AVAILABLE DATA =
# # # # # # #
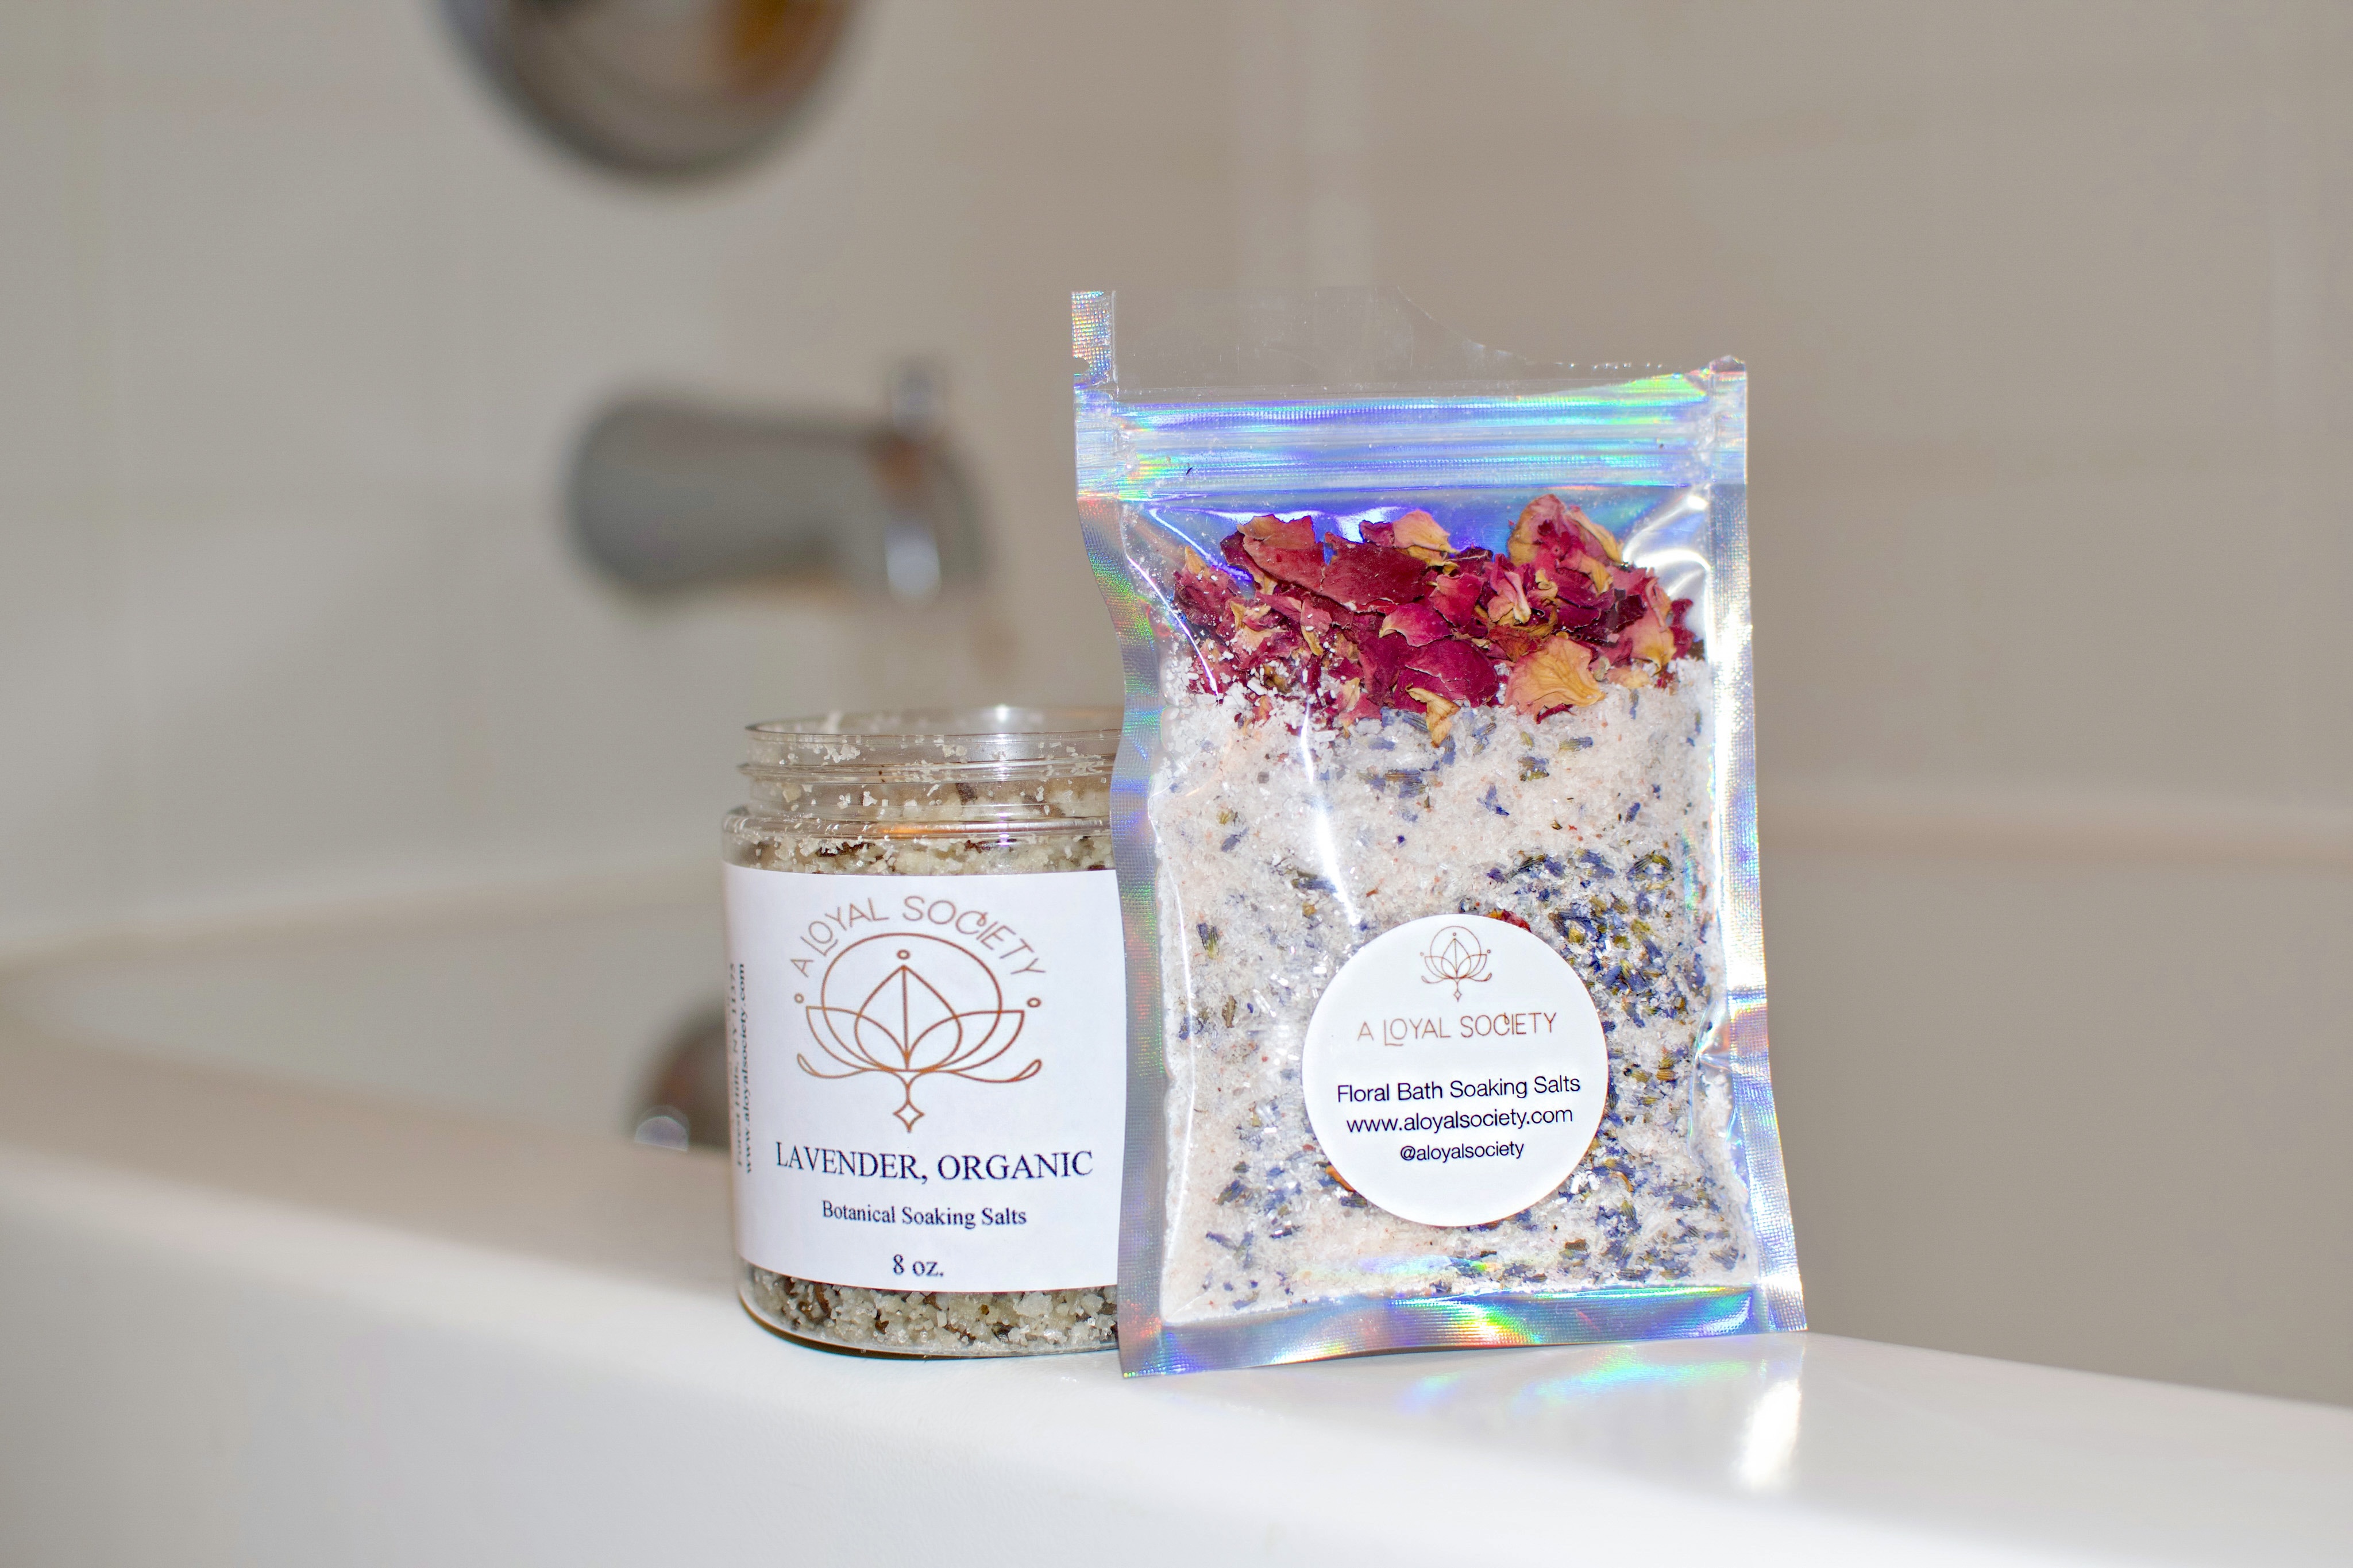 A Loyal Society Bath Salts, Mother's Day Gift Basket Ideas
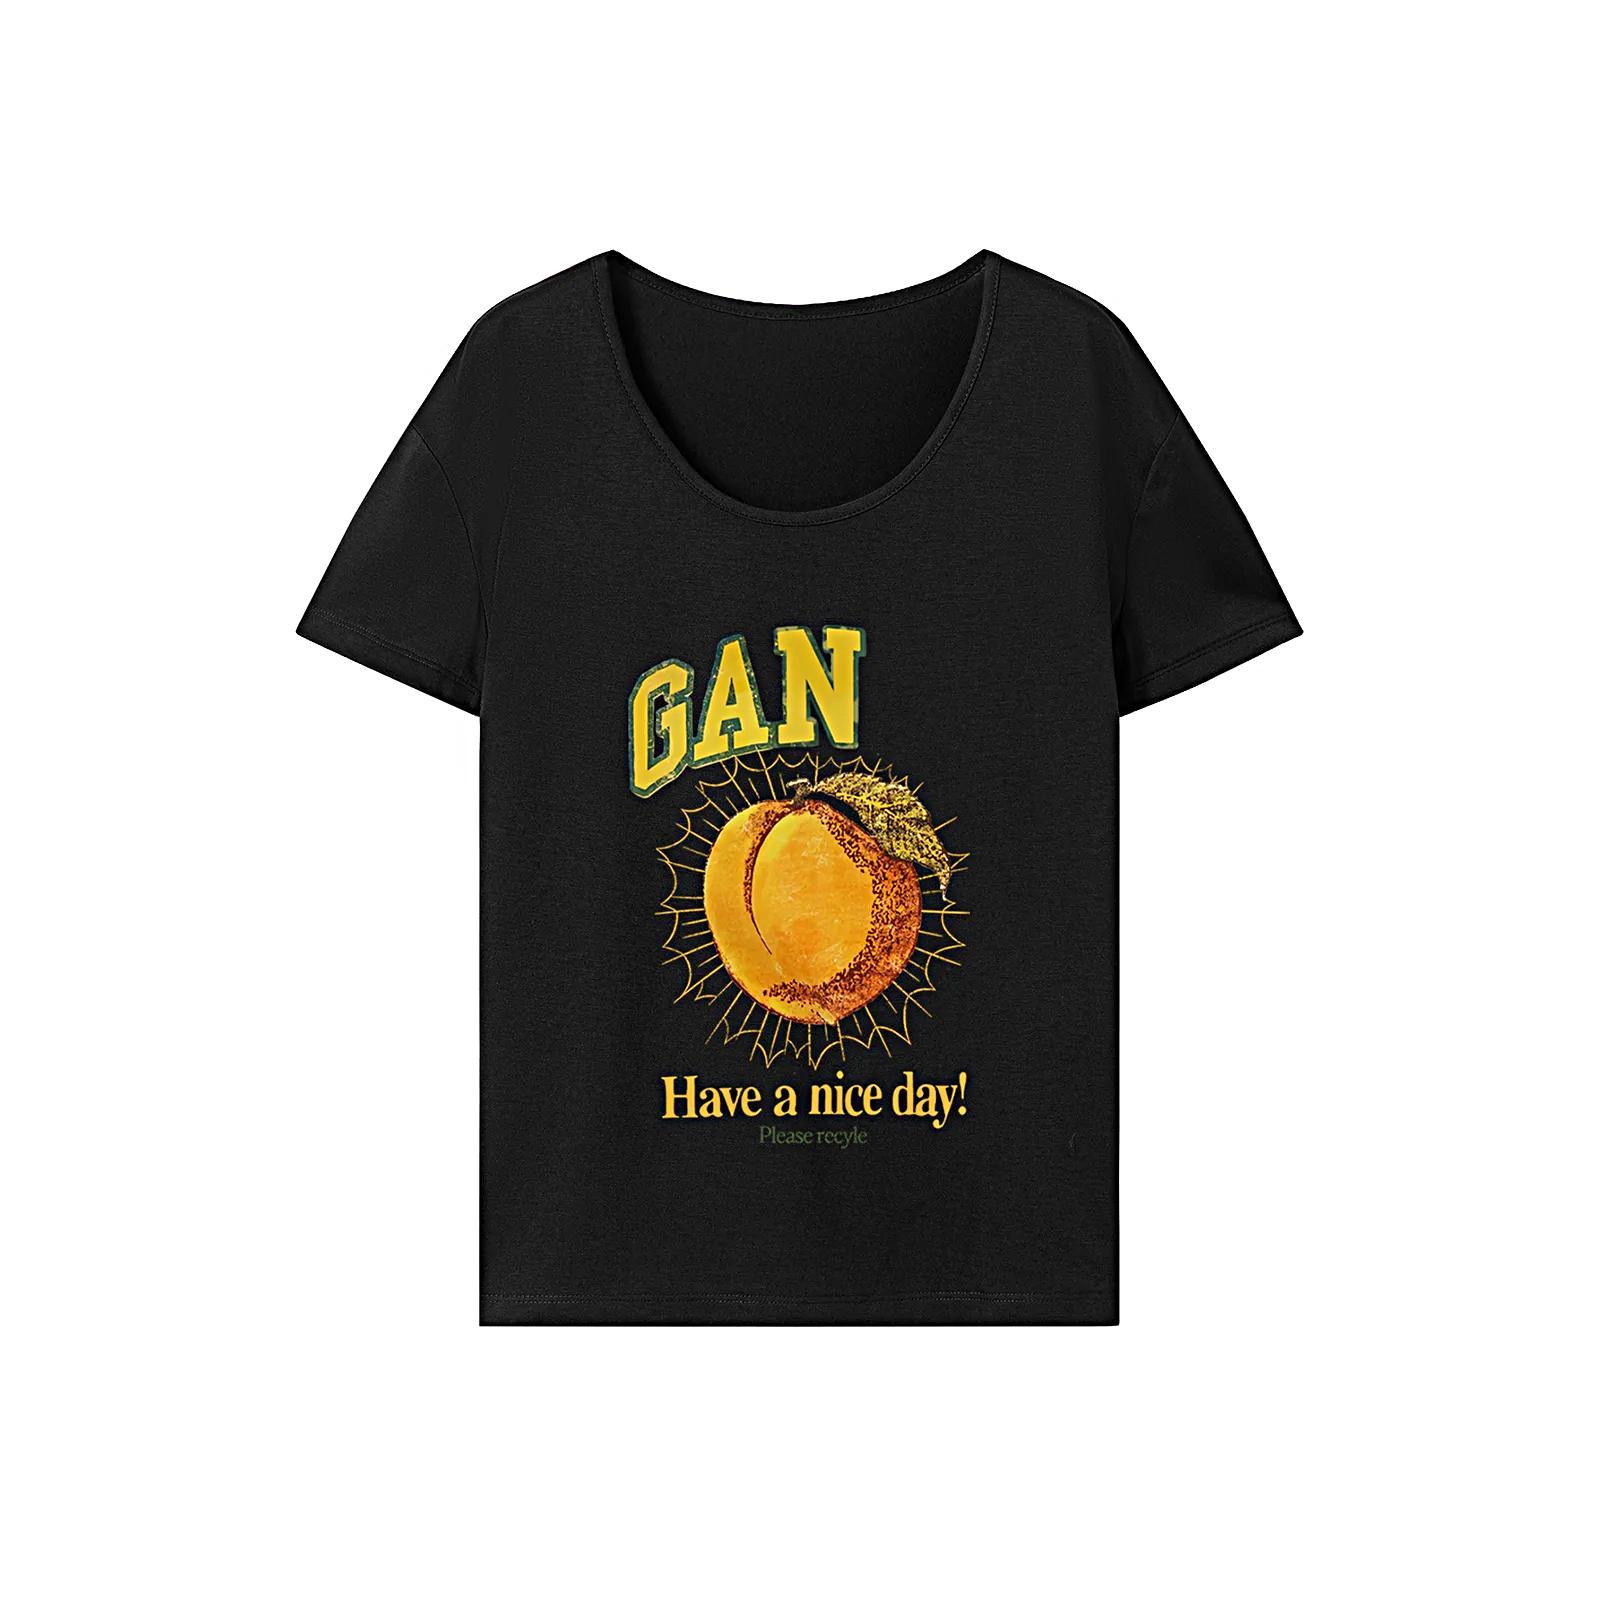 Women's T Shirt Summer Casual Basic Tee Shirt for Commuting Daily Wear Beach XXL
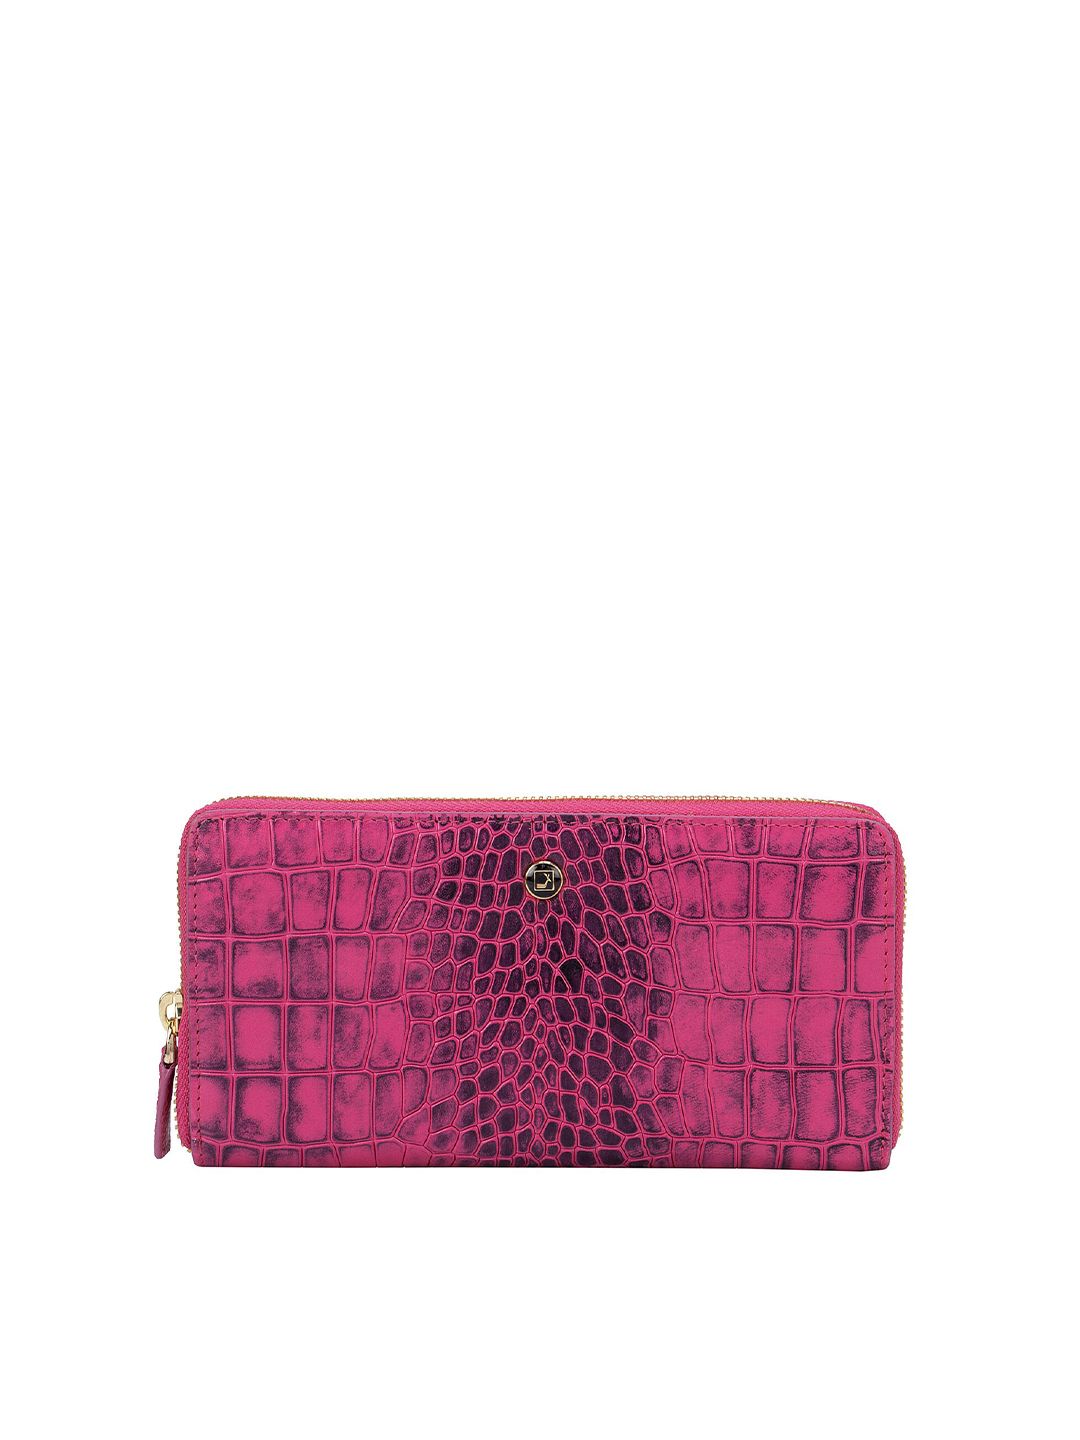 Da Milano Women Pink Animal Printed Textured Leather Zip Around Wallet Price in India
# # # # # # #
WORK REQUEST = Output the full material exactly as given, without its pictures.

ANSWER SECTION =
 A Loyal Society Bath Salts, Mother's Day Gift Basket Ideas
 Women's T Shirt Summer Casual Basic Tee Shirt for Commuting Daily Wear Beach XXL
 Da Milano Women Pink Animal Printed Textured Leather Zip Around Wallet Price in India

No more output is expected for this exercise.